Georgi Georgiev's bbfind program

Georgi "Skelet" Georgiev

In 2003, Georgi Georgiev's (Skelet) publishes his bbfind program:

solves all 5-state machines except ~150 hard ones
- best result since 1989 [Marxen and Buntrock, 1989]
~6000 lines of undocumented Pascal code
- concerns about correctness
Note: failed to find a better machine

In 2020, Scott Aaronson conjectured that there is no better machine: Marxen and Buntrock's machine is the BB(5) winner.

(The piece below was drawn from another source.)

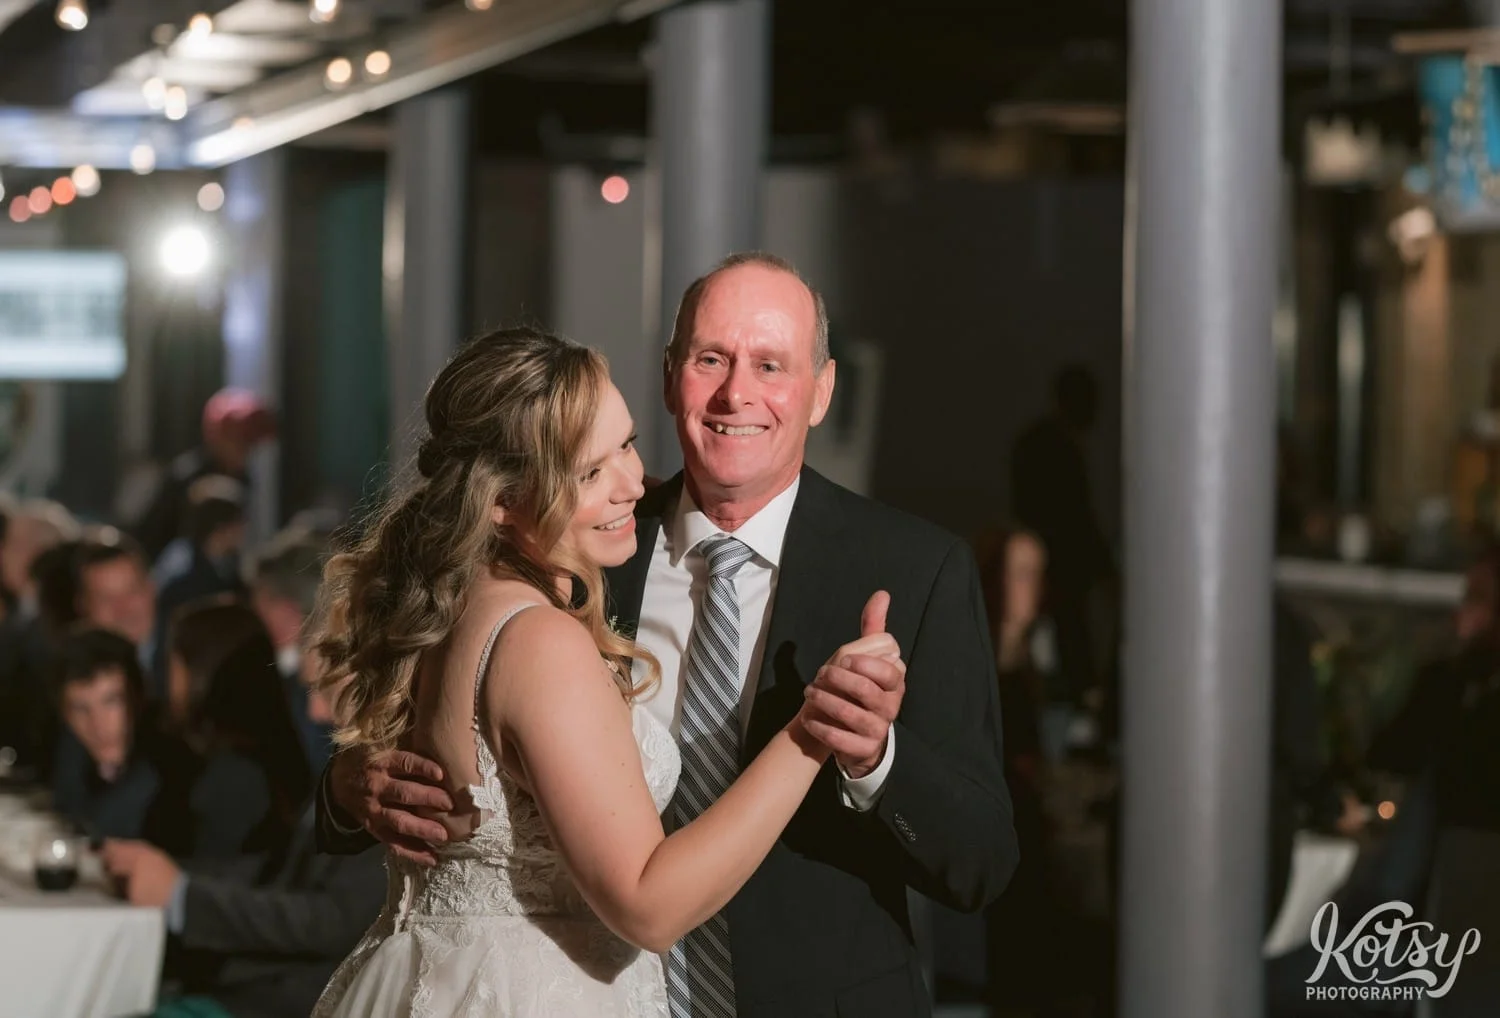 A man in a black suit smiles at the camera as he dances with his daughter in a white wedding gown during Second Floor Events wedding reception in Toronto, Canada.

bbchallenge.org: The Busy Beaver Challenge

Created by Tristan in 2022
Online, asynchronous, almost exclusively communicating on Discord
No "management": entropically driven research
- Even the formal proof happened through a grassroots initiative
800+ members on Discord
~50 active contributors
~15 contributors whose contributions were directly used in the Coq proof
Galaxy of ~25 GitHub repositories, many languages used: C++, Python, Rust, Go, Haskell, Pascal, Coq, Lean, Dafny

Proof outline

1. Enumerate all 5-state Turing machines

There are \(21^{10} \approx 1.67 \cdot 10^{13}\) possible 5-state Turing machines
Only \(181,385,789\) after symmetries and pruning

2. Try automated proof strategies

Deciders: programs that, given a TM, output one of

HALTS

DOESN'T HALT

UNKNOWN \(\Downarrow\)
try another decider

\[ \forall \mathrm{tm}. \mathrm{decider}(\mathrm{tm}) = \mathtt{NONHALT} \Longrightarrow \text{tm doesn't halt} \]

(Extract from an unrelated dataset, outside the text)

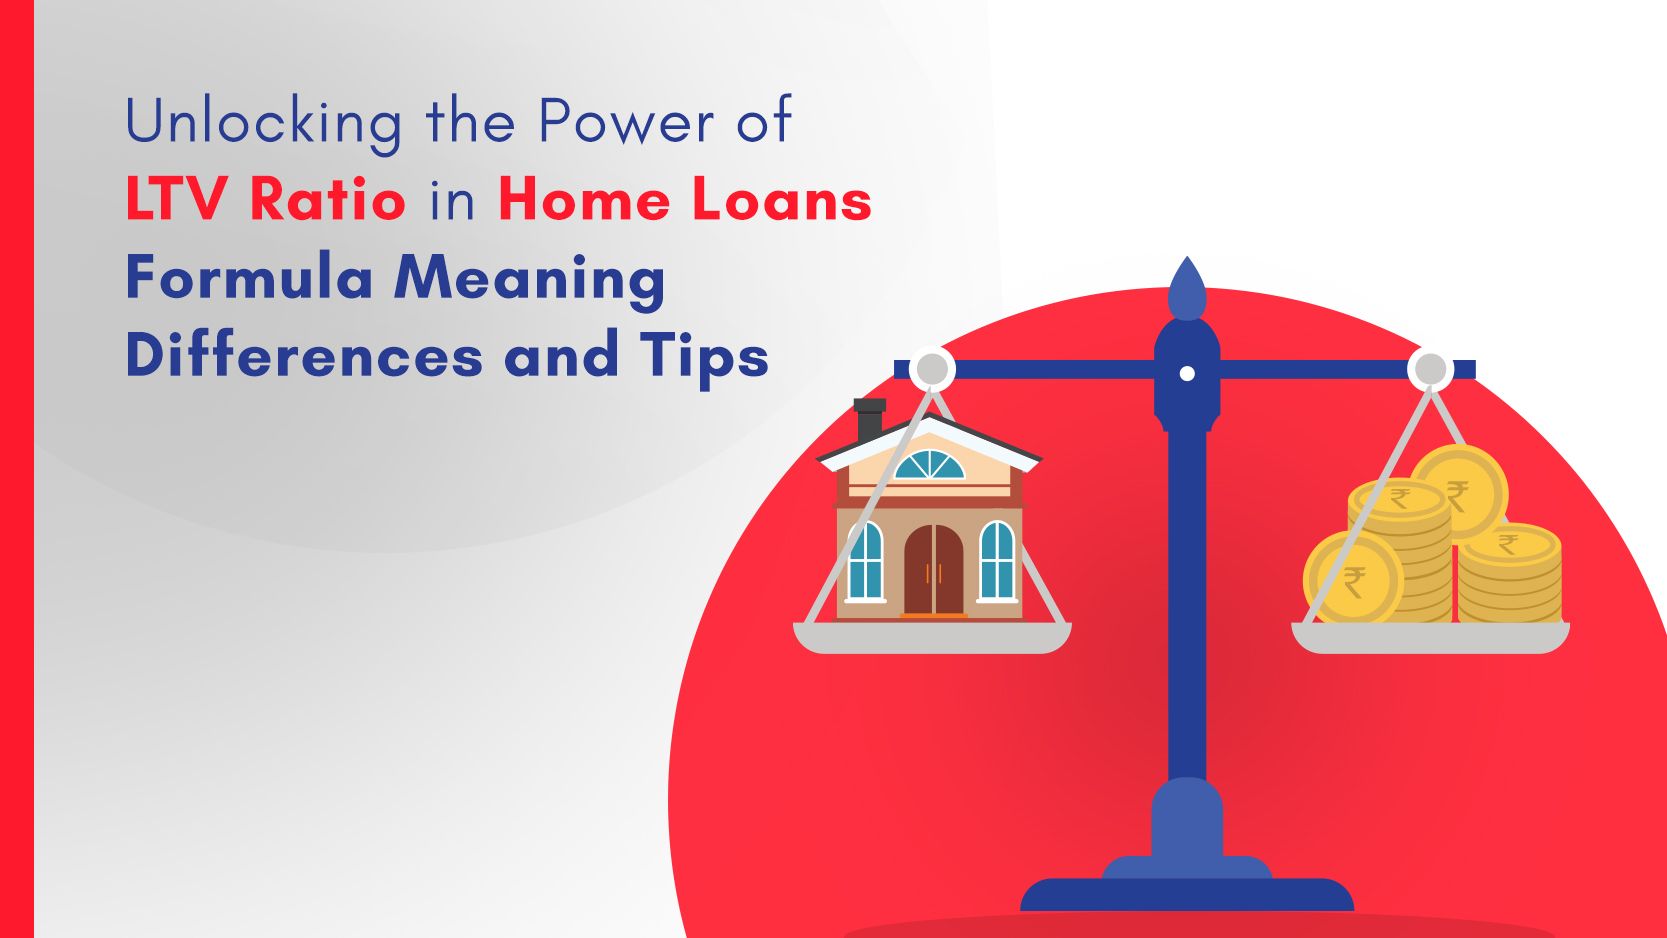 LTV Ratio in Home Loans - Formula, Meaning, Differences and Tips

3. Manually inspect what's left

Holdouts: machines that the decider pipeline couldn't deal with
- Usually the most interesting ones

1. Efficient TM enumeration

Naive enumeration has many redundant machines:

states can be renamed and rearranged without change of behavior

machines can differ in unreachable parts of their code

Allen Brady, 1934 — 2024

Solution: enumerate-as-you-go, choosing transitions only when the TM actually reaches them.

This is known as Tree Normal Form enumeration [Brady, 1966]

Options for the next transition: \(\{\mathtt 0, \mathtt 1\} \times \{\mathtt L, \mathtt R\} \times \{\mathtt A, \mathtt B, \mathtt C\}\)

Rinse & repeat™

TNF enumeration is unreasonably effective

\(21^{10} \approx 1.67 \cdot 10^{13}\) possible Turing machines
Back-of-the envelope calculation: \(\frac{21^{10}}{4! \cdot 2 \cdot 2} \approx 1.74 \cdot 10^{11}\) after symmetry
Actually enumerated: \(181,385,789 \approx 1.81 \cdot 10^8\)

2. Deciding the undecidable: a quick tutorial

This is impossible! Let's do it anyway.

Simplest idea: there's gotta be some TMs that just enter a cycle

A bit more general: Translated Cyclers

However, the tape left behind isn't always clean

Translated Cyclers

This decider was first used for BB(3) [Radó and Lin, 1963]
- originally known as Lin recurrence
However, we can do better:

Consider the sequence of (current state, symbol under head) pairs the machine visits during its execution. Two repetitions in this sequence are enough to declare this machine a (translated) cycler.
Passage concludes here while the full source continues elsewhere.